By NHI Mgmt Group Editorial TeamPublished 2024-06-23Domain: Best PracticesSource: Entro Security

TL;DR: Exposed API keys, passwords, tokens, and credentials can still create immediate breach paths, so the real question is not whether secrets scanning exists but whether it covers the places secrets now leak, according to Entro Security. Context-aware detection, remediation, and CI/CD enforcement matter because scanning without response still leaves exploitable NHIs in circulation.


At a glance

What this is: This is a secrets scanning checklist for finding exposed credentials across code, collaboration tools, logs, and CI/CD pipelines, with the key finding that coverage and remediation matter more than pattern matching alone.

Why it matters: It matters because IAM, PAM, NHI, and lifecycle teams need a way to detect and invalidate exposed secrets before they become standing access and lateral movement paths.

👉 Read Entro Security's guide to choosing a secrets scanning tool


Context

Secrets scanning is the practice of finding exposed credentials such as API keys, passwords, tokens, and certificates before attackers can use them. In NHI programmes, the problem is not just discovery. It is whether the organisation can cover code, collaboration tools, logs, infrastructure files, and CI/CD systems where non-human identity secrets are now routinely exposed.

The governance gap is broader than detection. Many teams still treat secret scanning as a code-repository problem, but the article points to secret sprawl across Slack, Jira, SharePoint, Teams, environment variables, and build pipelines. That makes secrets management, revocation, and developer workflow integration part of the identity control surface, not separate hygiene tasks.


Key questions

Q: How should security teams scan for exposed secrets across modern development workflows?

A: Scan beyond source code. Effective coverage includes configuration files, CI/CD variables, logs, collaboration platforms, infrastructure-as-code, and environment variables. Teams should also wire findings into owner notification and revocation workflows, because a secret that is only detected but not invalidated remains an active identity risk.

Q: When does secret scanning fail to reduce real risk?

A: It fails when it produces alerts without context or response. If a scanner cannot separate active secrets from expired ones, or cannot trigger rotation and replacement, the organisation accumulates noise while leaving exploitable credentials in place. Real risk reduction depends on classification, actionability, and short time to invalidation.

Q: What do security teams get wrong about secret sprawl?

A: They often assume exposure is mainly a code repository problem. In practice, secrets leak into chat tools, tickets, logs, and pipelines, which means governance has to follow the data path rather than the repo path. The mistake is treating secrets as static text instead of as live credentials with owners and lifecycles.

Q: How do organisations know whether secret scanning is actually working?

A: Look for fewer valid secrets left in circulation after detection, not just higher detection counts.
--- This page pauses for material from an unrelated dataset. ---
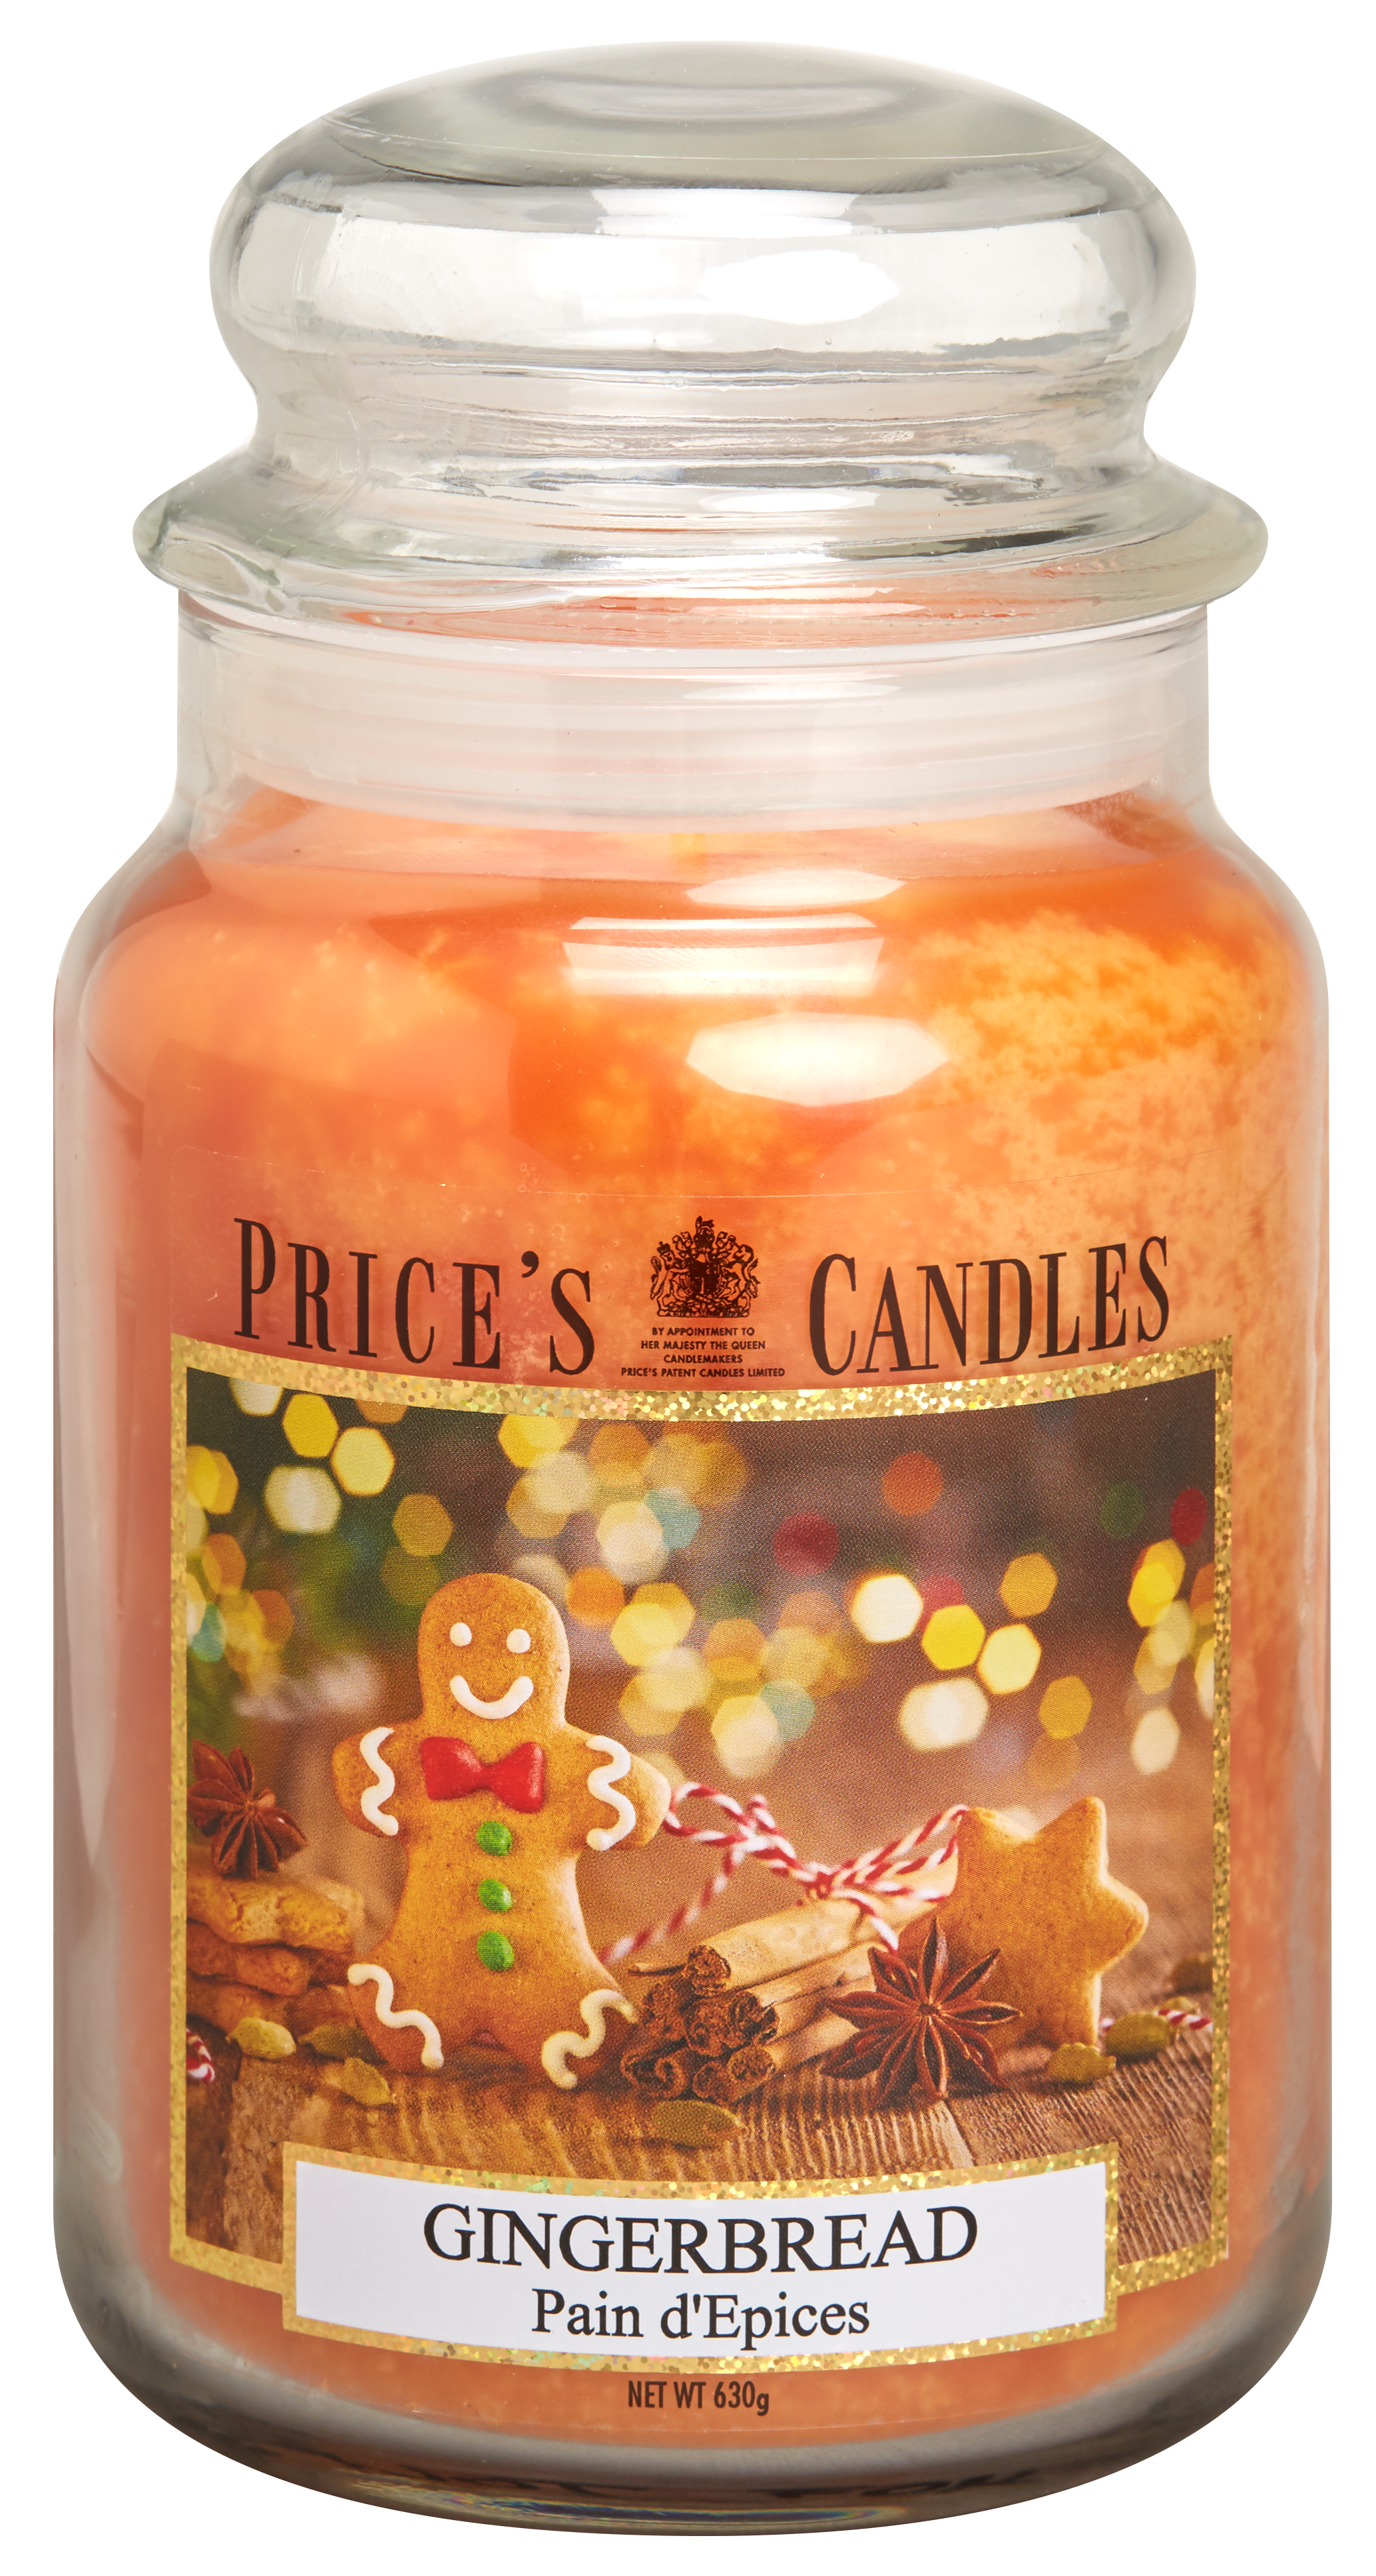 Prices Candle "Gingerbread" 630g

Working programmes can show fast owner assignment, reliable false-positive suppression, and automated invalidation before a secret can be reused. If alerts do not change credential status, the control is informational rather than protective.


Technical breakdown

Why secrets scanning now spans more than source code

Modern secrets scanning is a discovery problem across distributed identity surfaces, not a simple grep job in Git. Secrets appear in source code, configuration files, CI/CD variables, chat systems, logs, and infrastructure-as-code, which means the scanner must understand where credentials tend to move during development and release. Pattern matching, entropy analysis, and machine learning each help, but none of them alone resolves the core issue: secrets are exposed across many operational contexts, and context determines whether a finding is actionable or noise.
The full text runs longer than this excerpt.